First, the bear scenario

History has already proven that gold thrives as an investment in bearish economic times. I don’t need to convince you that this is the case in the current global economy as well. Just for completeness – back to econ101, gold assumes its natural role as a store of value when purchasing power is threatened in the economy. This is the current situation in the United States, and as the dollar continues to decline in value, gold will become more precious globally. People and firms respond by fleeing to safety during times of uncertainty like this.

A recent study performed by IBISWorld (April 27, 2009) on the mining industry supports this hypothesis that gold will significantly rise “due to investors seeing it as a reliable defensive investment”. Despite the fact that 89% of all gold mined is used in jewellery, of which sales are expected to decline with the recession, price increases will be driven by investments. Higher prices of gold and silver have also lead to increased industry revenues by 16% in 2008, and expected to be higher for fiscal 2009.

Overall, as long as investors remain nervous about the economy, government debt / deficits / artificial stimulation, or inflation, gold will continue to be seen as a safe haven and prices would be pushed higher. It’s hard to estimate a ceiling, but doom-advocate Peter Schiff calls gold at $5,000. That may be a little extreme, but is just one of the views on gold’s potential.

Then, the bull scenario

Another consideration is that a steep recession would be followed by a sharp economic recovery, spurted by central bank interest rate cuts and government stimulus. If the government lives up to its recent promises, interest rates will stabilize one year out to prevent excess inflationary pressures. Unemployment will decrease, spending and capital investments will increase and somehow (perhaps magically) government debt will slowly start to stabilize.

However, an important point to keep in mind is the massive loss of reputation and belief in the government’s ability to stabilize the economy that has occurred in the last year; in effect, this will lead investors to be vigilant during the ride up for matters like inflation. Regardless of an economic bullish scenario, investors will continue to use gold as a hedging tool against possible inflationary forces caused by government stimulus (or keeping interest rates too low for too long). Also, in this scenario, physical demand will be spurted in the jewellery (89%), dentistry (7%) and industrial (4%) gold market segments leading to price appreciation.

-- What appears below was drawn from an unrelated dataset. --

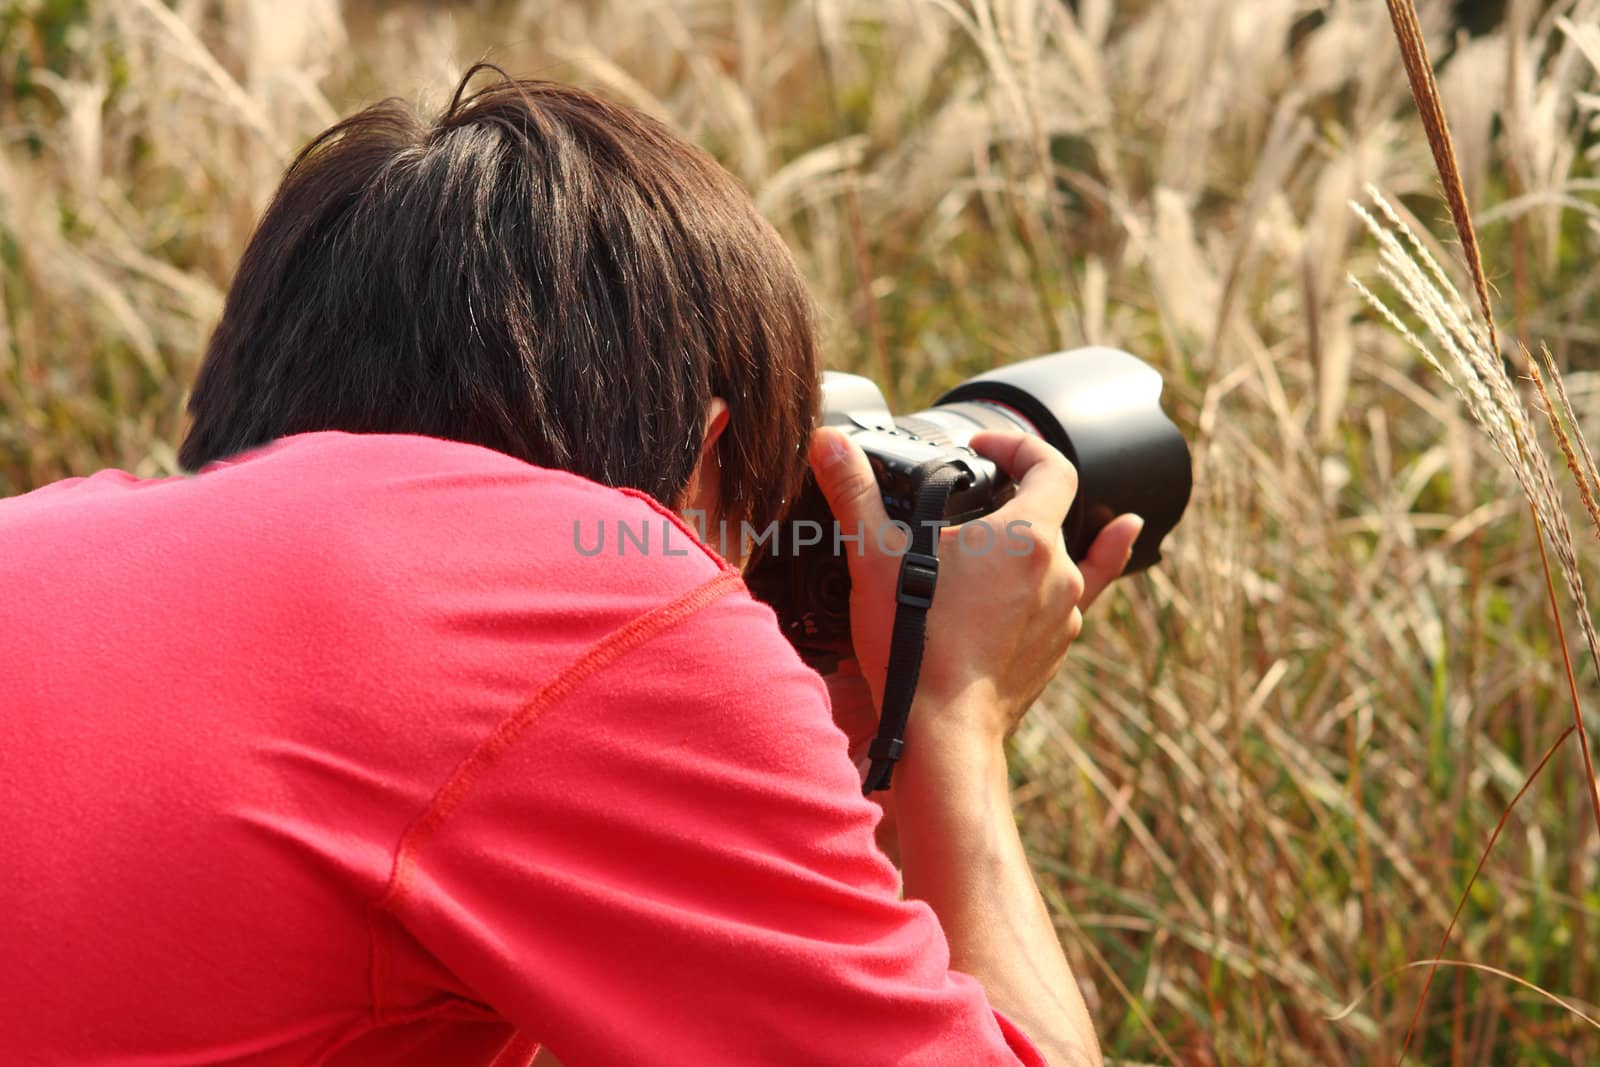 photographer taking photo in country side

Just for interest’s sake, other precious metals may also follow gold’s path in the bullish scenario. Based on a recent Societe Generale industry report (October 13, 2009), other precious metals such as copper, aluminum, nickel and lead will benefit from bullish forces. Copper and lead/zinc will benefit from limited supply as industrial consumption increases in China and elsewhere. Lead and zinc will be further boosted by a strong recovery in the steel industry and auto production. Current aluminum build-ups will begin to reverse as well.

However…

However, a third potential scenario is a moderately slow return to economic growth. In this situation, the US stimulus plan would take some time to take effect and the rest of the globe would assume a slow recovery as well. In this case, interest rates would slowly rise as promised by the government and unemployment levels would be extended by semi-weak consumer spending and low growth of business.

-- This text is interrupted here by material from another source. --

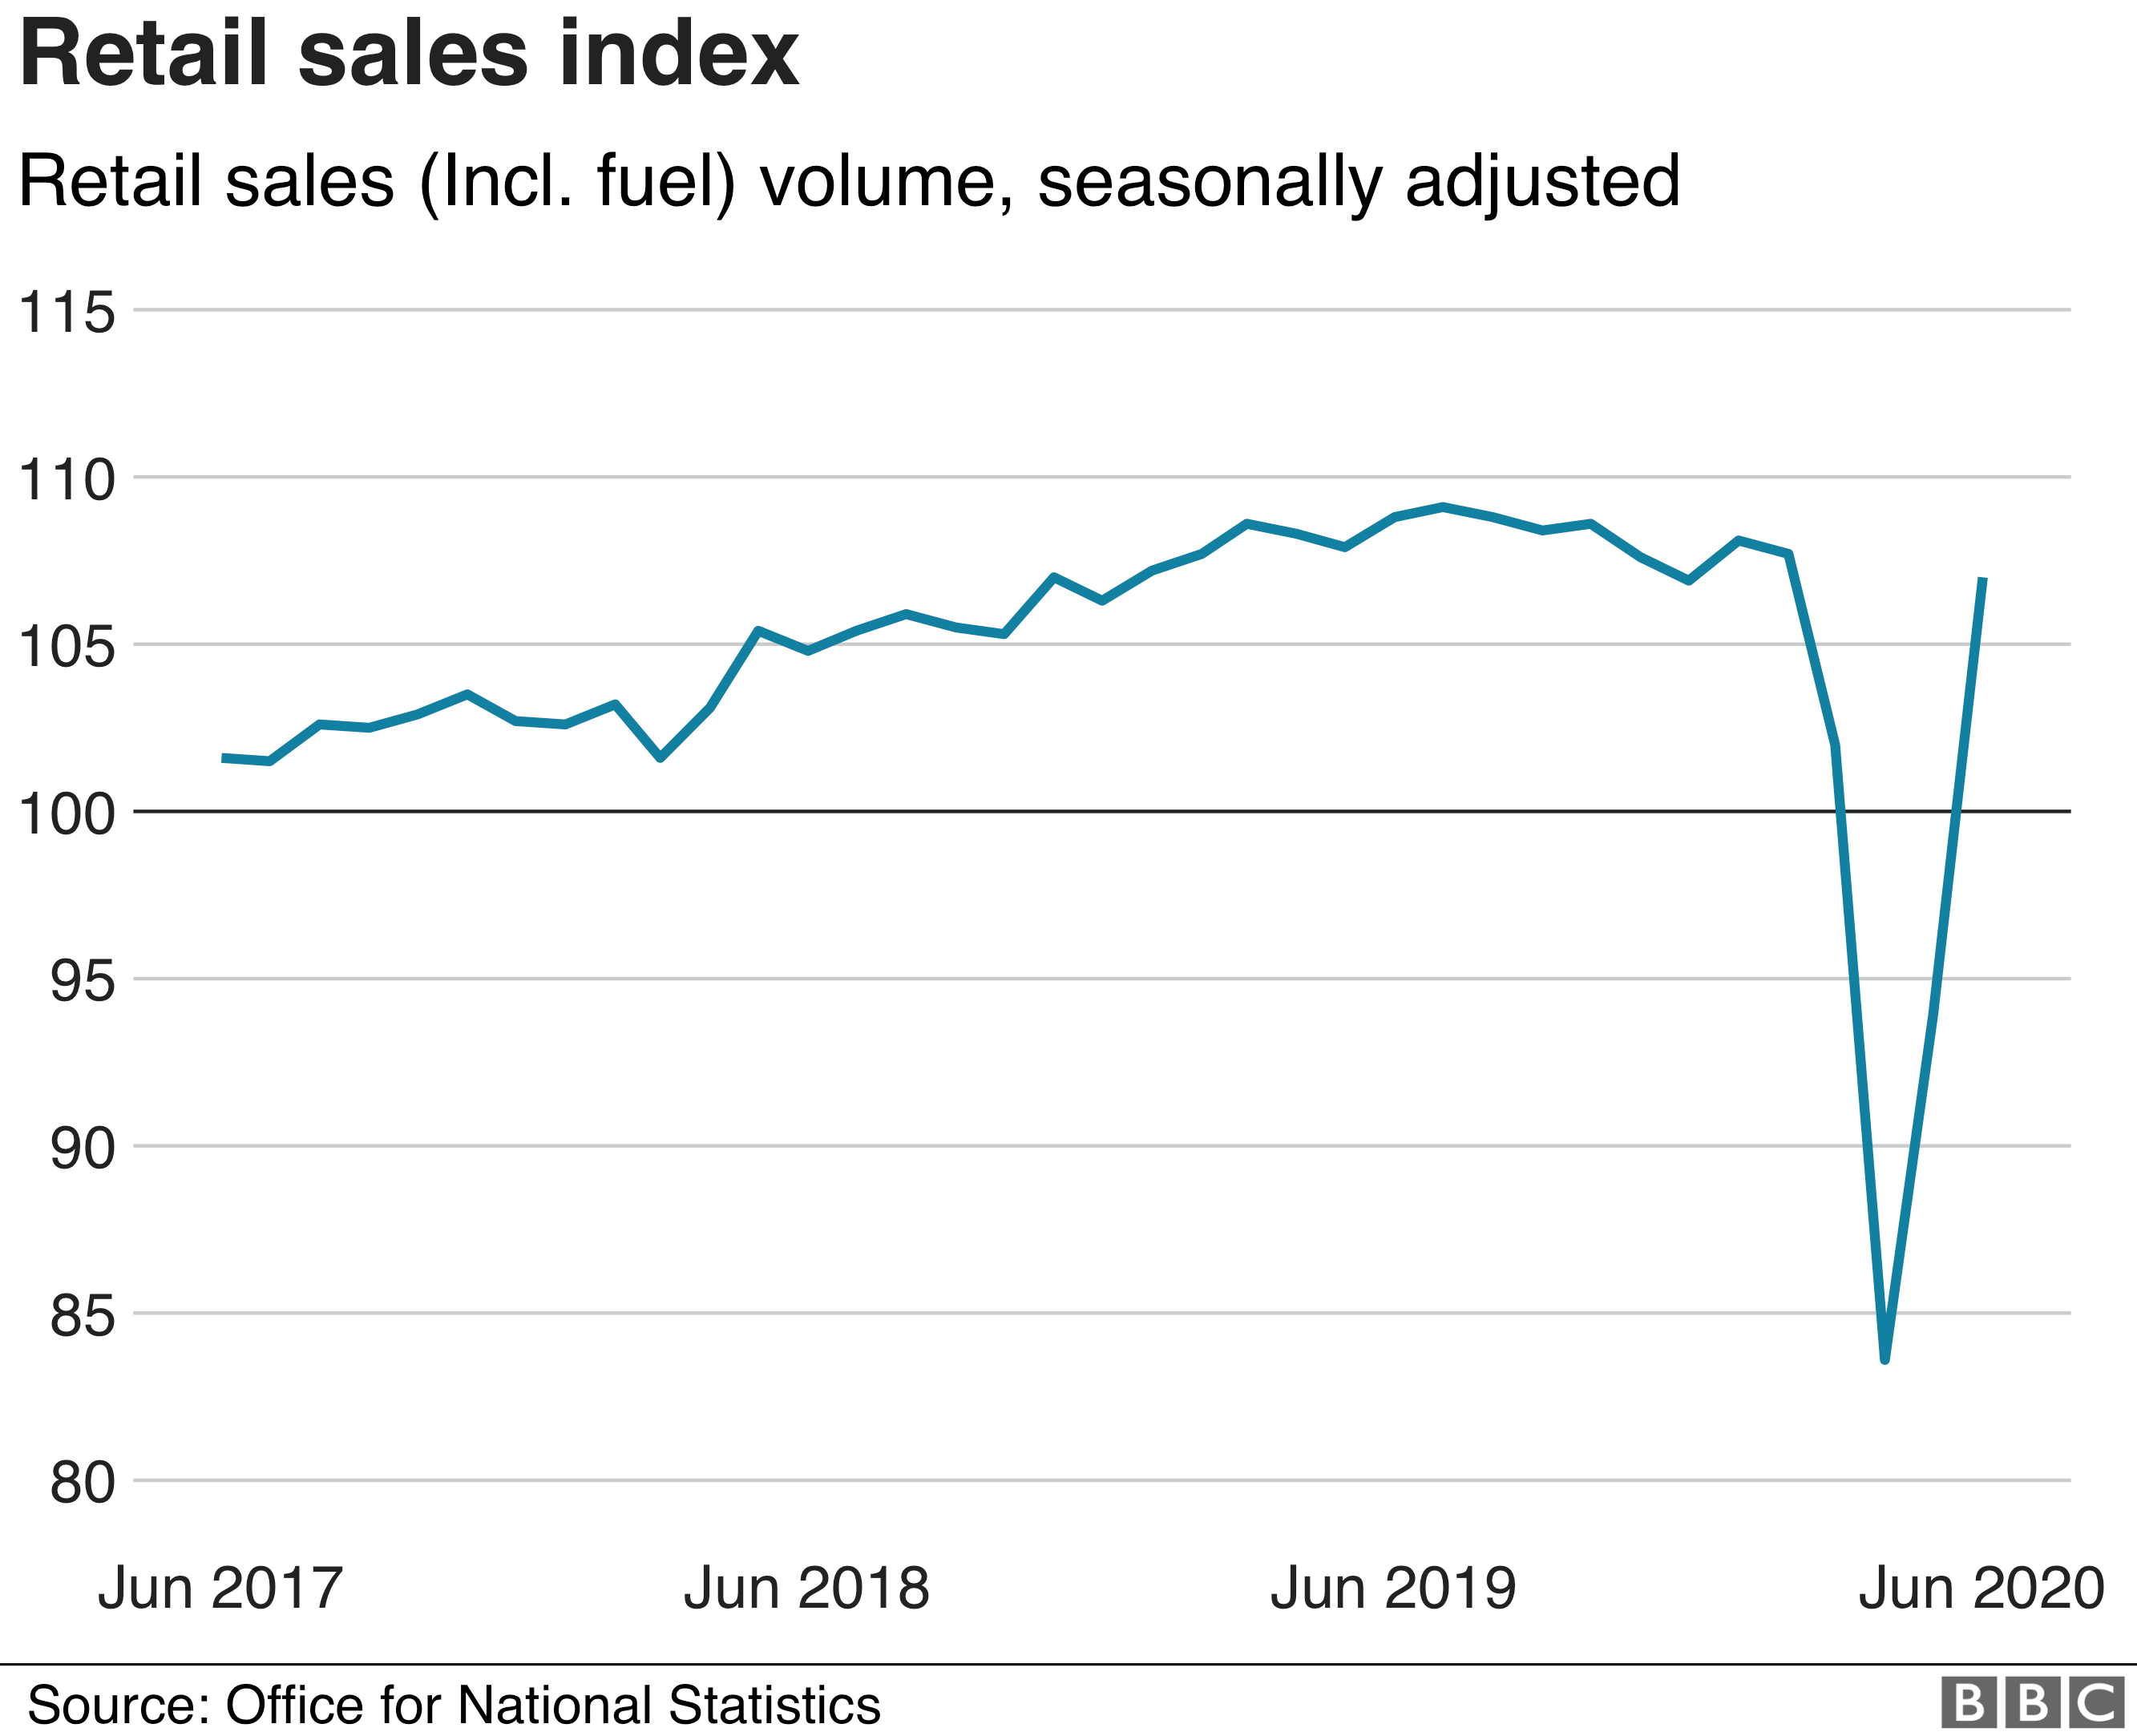 Retail sales from June 2017

The implications of this scenario on gold and precious metals are not as optimistic as in a strictly bear or bull scenario. As market confidence slowly improves, gold may no longer be used as a risk hedge and therefore prices may cease to increase. Furthermore, if the central bank acts as promised and begins to increase interest rates, reduced worries of inflation may also drive the demand of gold lower. Any increases in physical demand of gold would take too long to kick in and the reduced investment in gold would drive the price down prior to increased physical demand.

Conclusion

Gold’s breakout and achievement of an all-time high was a significant event.  The potential for gold as an investment is significantly more attractive in the bearish scenario for the next two to four years since fears of economic collapse would weigh much more heavily on gold investors than any of the other factors mentioned above; nevertheless, even if the global economy begins to pick up pace, gold and other relevant metals will still benefit and appreciate in the short and medium term. As mentioned, if neither a bullish or bearish scenario occurs, gold could potentially be exchanged for more lucrative investment opportunities.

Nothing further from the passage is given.